Since Israel was first attacked by Hamas, there has been a great deal of scrutiny as to whether cryptocurrency was used to help finance the attack. Amid this concern, Senator Elizabeth Warren (D-Mass.), along with 100 lawmakers from the House and Senate, pressed the White House and Treasury in a letter regarding the efforts underway to prevent Hamas from using cryptocurrency as a financial resource. On Wednesday October 18th, Treasury issued sanctions against Hamas that included one crypto-asset exchange. Hamas announced back in April 2023 that it was no longer using bitcoin due to financial privacy donor concerns as Israeli officials had been successful in disrupting as least some of the financing efforts.
The unusual use of this authority cites section 311 of the USA Patriot Act that allows the Secretary of the Treasury authority, upon finding reasonable grounds exist, to conclude one or more transactions outside of the United States is of primary money laundering concern, and to require domestic financial institutions and domestic financial agencies take certain “special measures.”
Secretary Yellen is required to consider certain factors in making such a determination that will include conferring with the Secretary of State and Attorney General, as well as considering information deemed relevant to the Treasury Secretary.

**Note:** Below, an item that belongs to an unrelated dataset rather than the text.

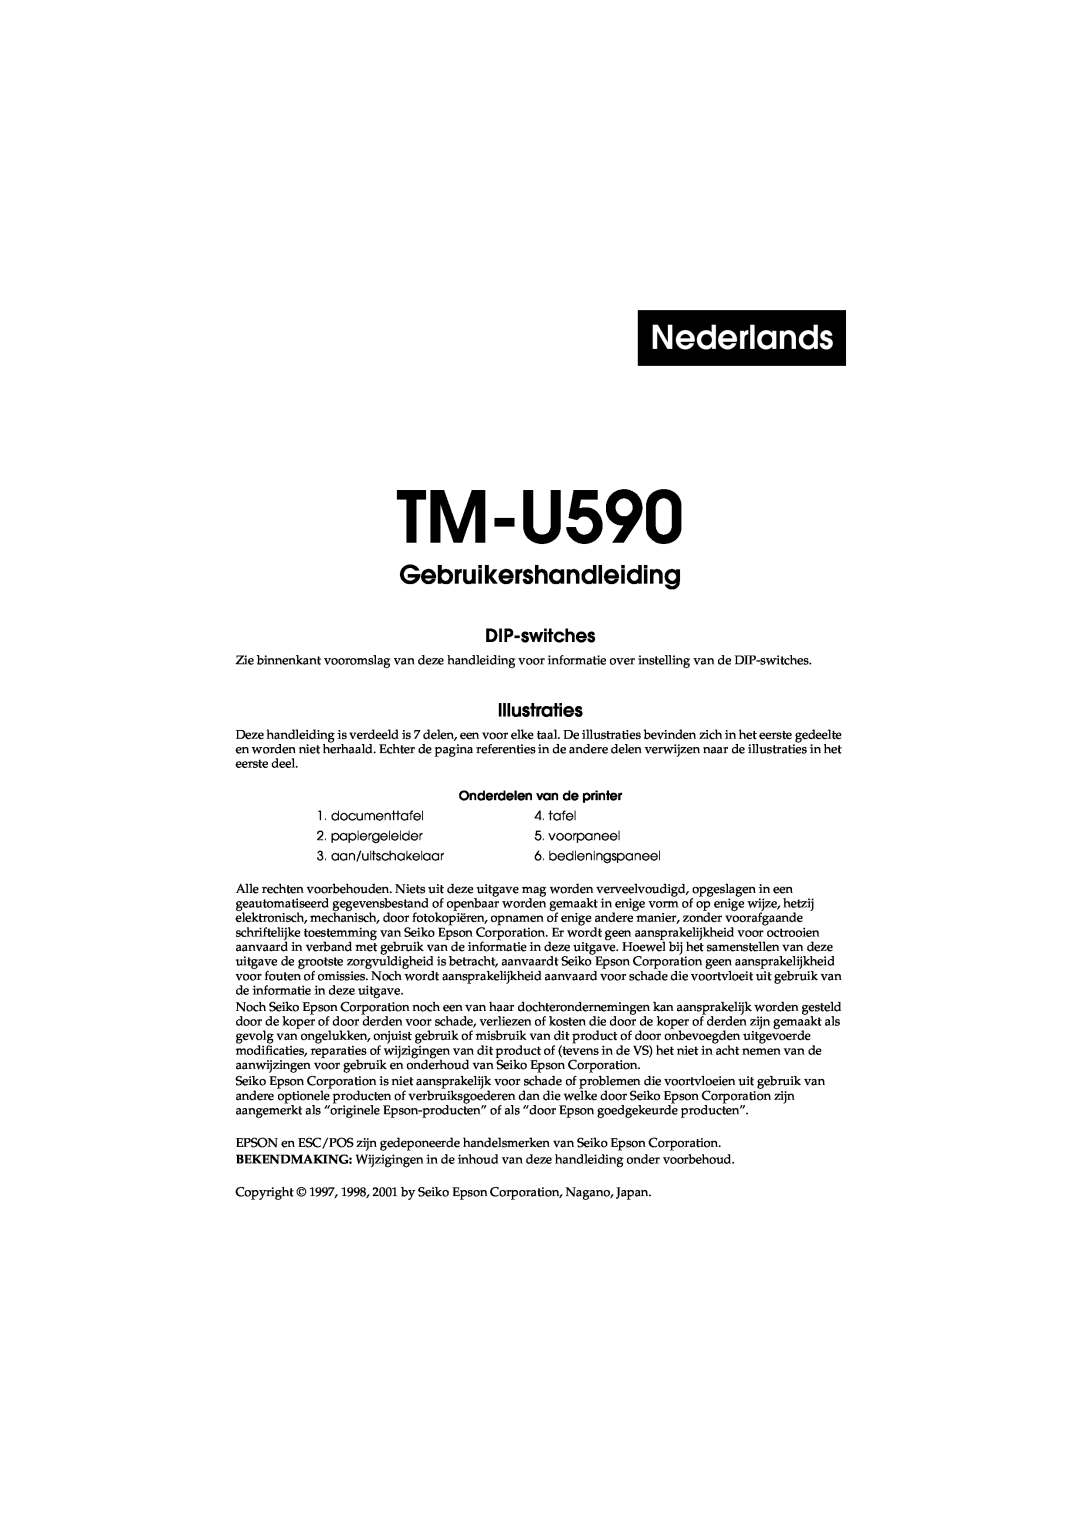 FARGO electronic user manual Nederlands, Gebruikershandleiding voor de TM-U590, DIP-switches, Illustraties

In that FinCEN has been delegated the authority to evaluate classifying these mixers as money laundering tools, the public notice demonstrates the type of information that will be considered prior to making this classification.

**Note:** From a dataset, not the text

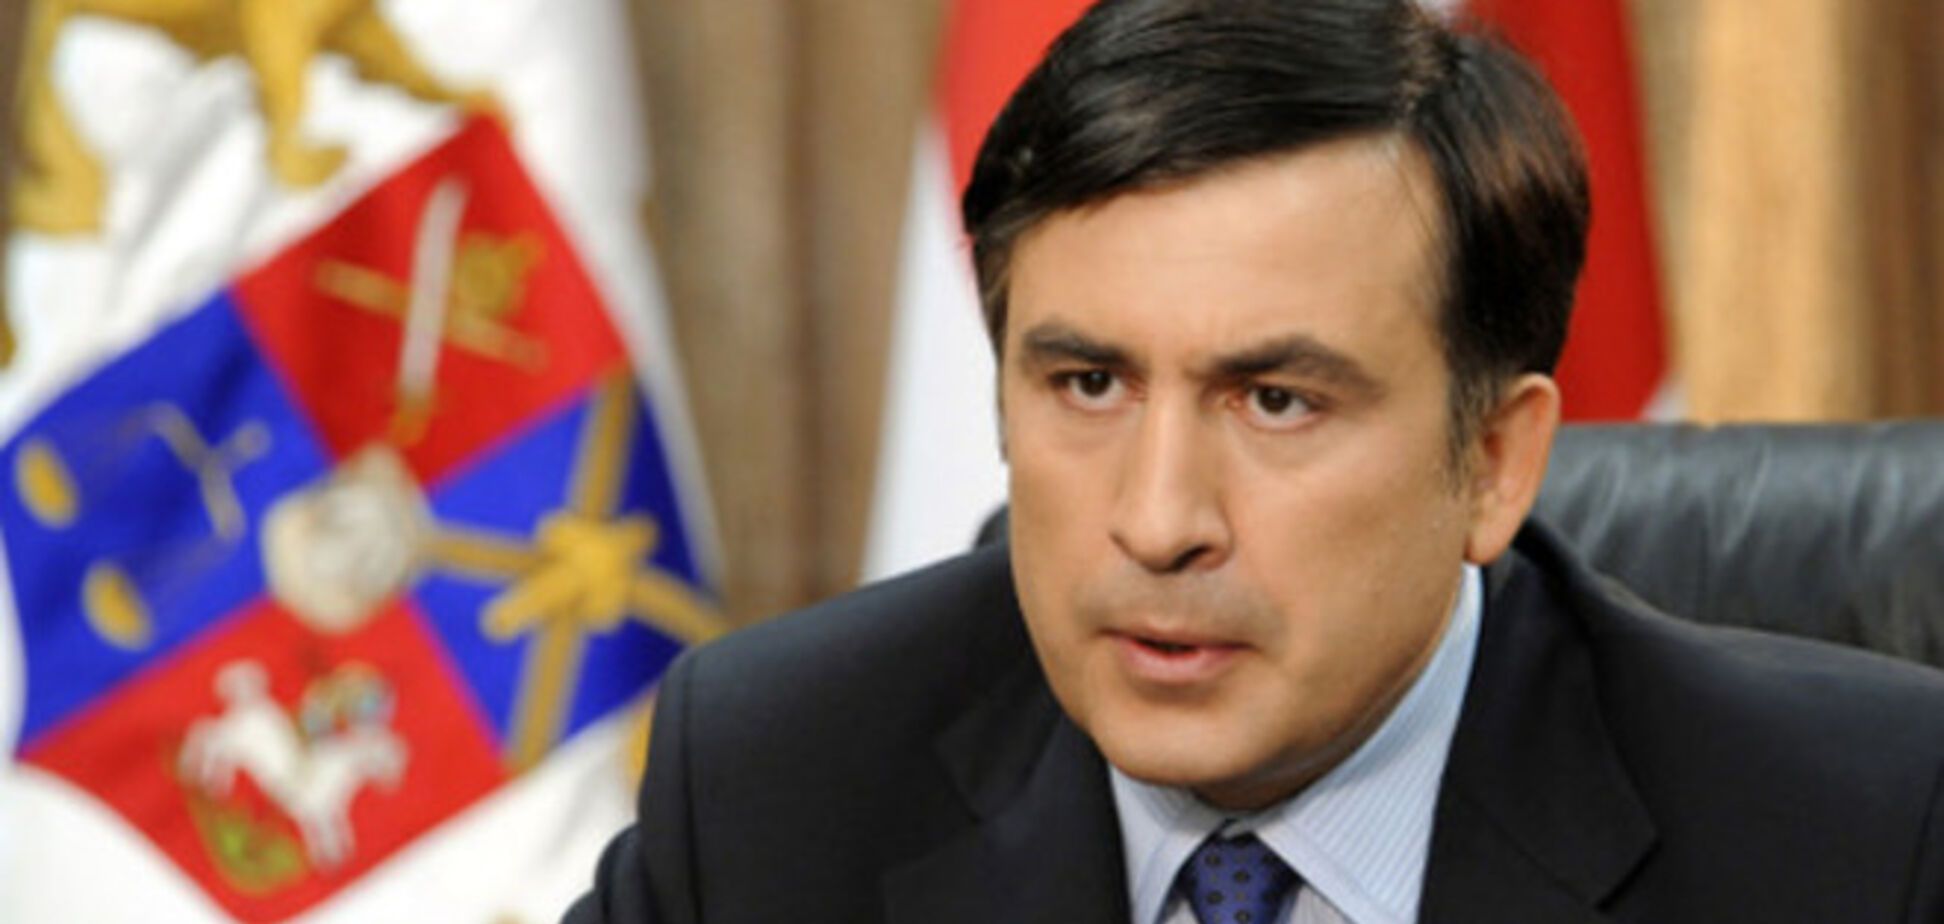 Назначение Саакашвили советником Порошенко не направлено против Грузии - посол

As justification for FinCEN’s finding that transactions involving convertible virtual currency (CVC) mixing transactions are of primary money laundering concern, the NPRM cites, “frequently used by criminals and state actors to facilitate a range of illicit activity, including, but not limited to, money laundering, sanctions evasion and WMD proliferation by the Democratic People’s Republic of Korea (DPRK or North Korea), Russian-associated ransomware attacks, 13 and illicit darknet markets.” According to FinCEN, the percentage of transactions involving CVC mixing that are illicit is increasing as well.
Should Yellen decide to use this special measure, the result would be requiring “covered financial institutions to implement certain recordkeeping and reporting requirements on transactions that covered financial institutions know, suspect, or have reason to suspect involve CVC mixing within or involving jurisdictions outside the United States.” The implementation of such a special measure would be done by the Treasury Secretary consulting with the Federal Reserve, other banking regulators, the Secretary of State, the Securities and Exchange Commission, the Commodity Futures Trading Commission, and the National Credit Union Administration Board, as well as any other agencies that Yellen would decide to consult.